Today I've really thought about how far I've come since joining the Church for what seems like a lifetime ago. I've learned a lot and put a lot of things into practice and develop habits through acts of obedience. It's not easy to come into the Church and feel run over by a steam roller in trying to do everything at once. Everywhere you turn there is something you should be doing and everyone else seems to be doing everything even alluded to!! I remember trying to wrap my brain around all of the list that seemed as detailed as the law of Moses. Looking back I always wished that someone would have said to me....you are nice the way you are. you are not some big professional sinner woman headed to outer darkness. just be patient and attend your meetings and just incorporate what you can, get a handle on it and then take on something else.
Taking a deep breath, and looking way back, I see that I have incorporated the Gospel into my very being and I quite like it! The problem is...once you start you really can't quit or take time off or grow lax in what you've learned to do as a part of your spiritual base. Doing so lessens the Spirit. Like a dimmer switch on a bulb that really has a lot of wattage. You sort of burn out and unless that switch is clicked to full power you can't really see things clearly. It's to dark, not only within your soul but also your actually vision becomes fuzzy, distorted and you become out of sorts. I was not seeing clearly.
The fog is lifting and I'm seeing that no matter what method is used to cause a person to decrease their obedience to simple acts...acts needing consistency of replenishment...the feelings once enjoyed that felt a natural part of one's being, will fade.
It's interesting to think how subtle this has been and even though I've attended Church etc. I still neglected my spiritual health and all the while tending to Terry's physical health the best I could.
Prayer has been the one constant in my life since I learned to pray, from the Missionaries, and then that ability grew and over time I figured out how to access God through that communication, just as many others have. What a blessing in my life. I am a pray-er!
When I learned we needed to bless all food, say 2 family prayers, 2 private prayers, 2 couple prayers and then to read in the Book of Mormon about "pray mid-day" also!!! It was like entering a religious order of some sort based on constant prayer. I admit that it was figured out... tried and failed, tried and succeeded, integrated soul-wise and is a personal Balm in Gilead and a rather constant in my life be it verbal or silent.

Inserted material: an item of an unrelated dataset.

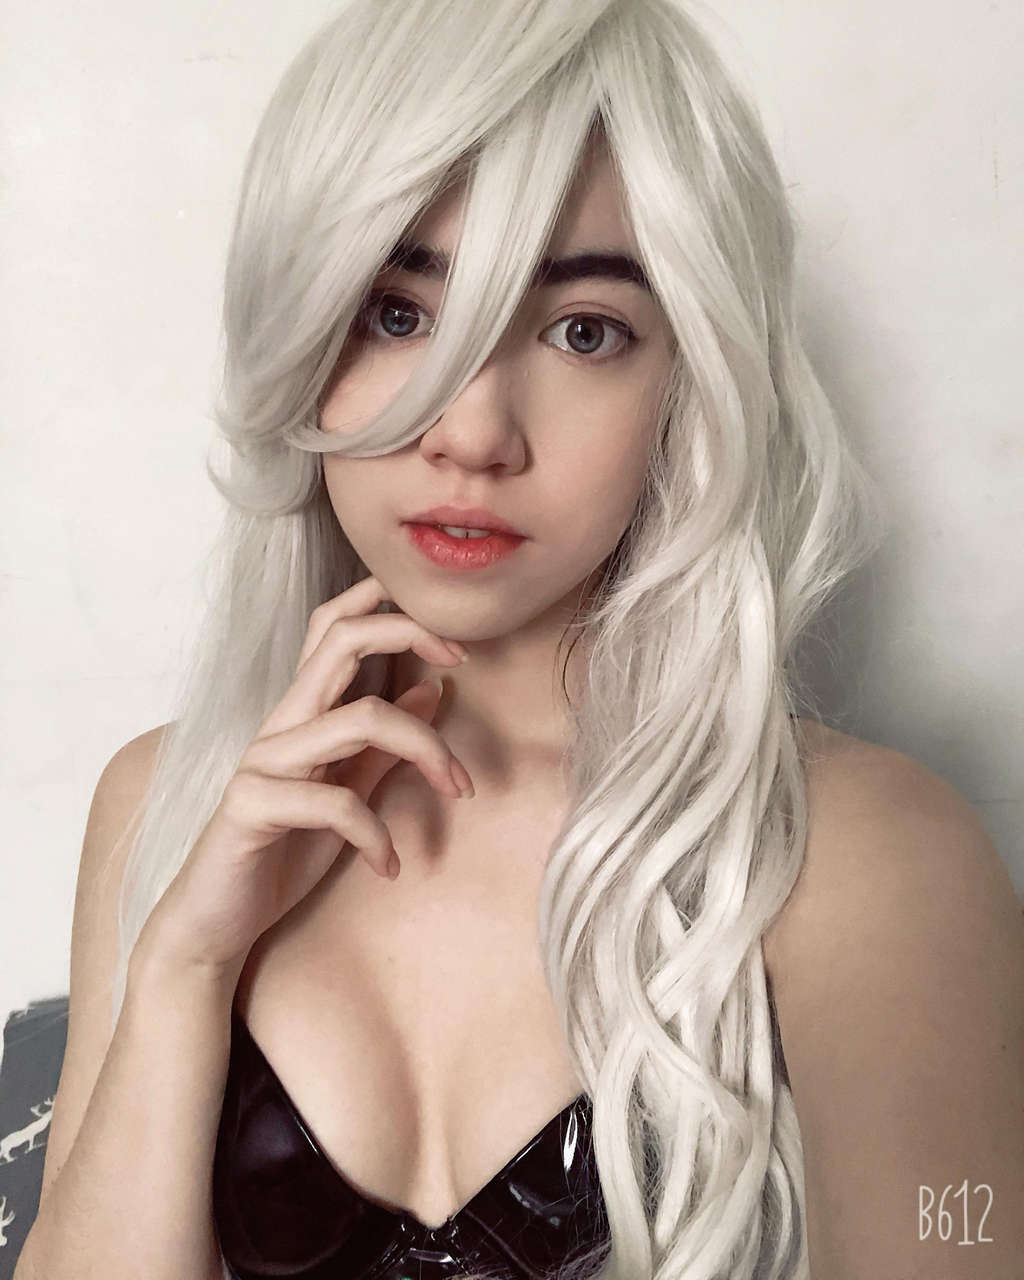 A2 Nier Automata By Lolibunny Cosplay Costest Selfie By M

It is marvelous to pray and get answers from a loving Father in Heaven.
Thinking about my growth in prayer reminds me that it isn't that I'm not doing enough variety of acts of obedience, I've just been obedience-coasting down a sloped hill, hit the flat land and the coasting stopped. I fell off the scooter!!! Fell off because I slowed to the point of stopping what has become a very important part of my life...Temple, study,etc. etc. The dab of things I've done do not feed my soul substantially. This awareness is getting me back to my own comfort zone.
My mind is on the guidance and promise of my Patriarchal blessing. A re-read of that will steer me in the right direction for course correction. Reading that and other copies of blessings given by Terry and some by Greg are my refreshing directive.
Moving ahead!! Yes!! It's coming together and I feel better and better.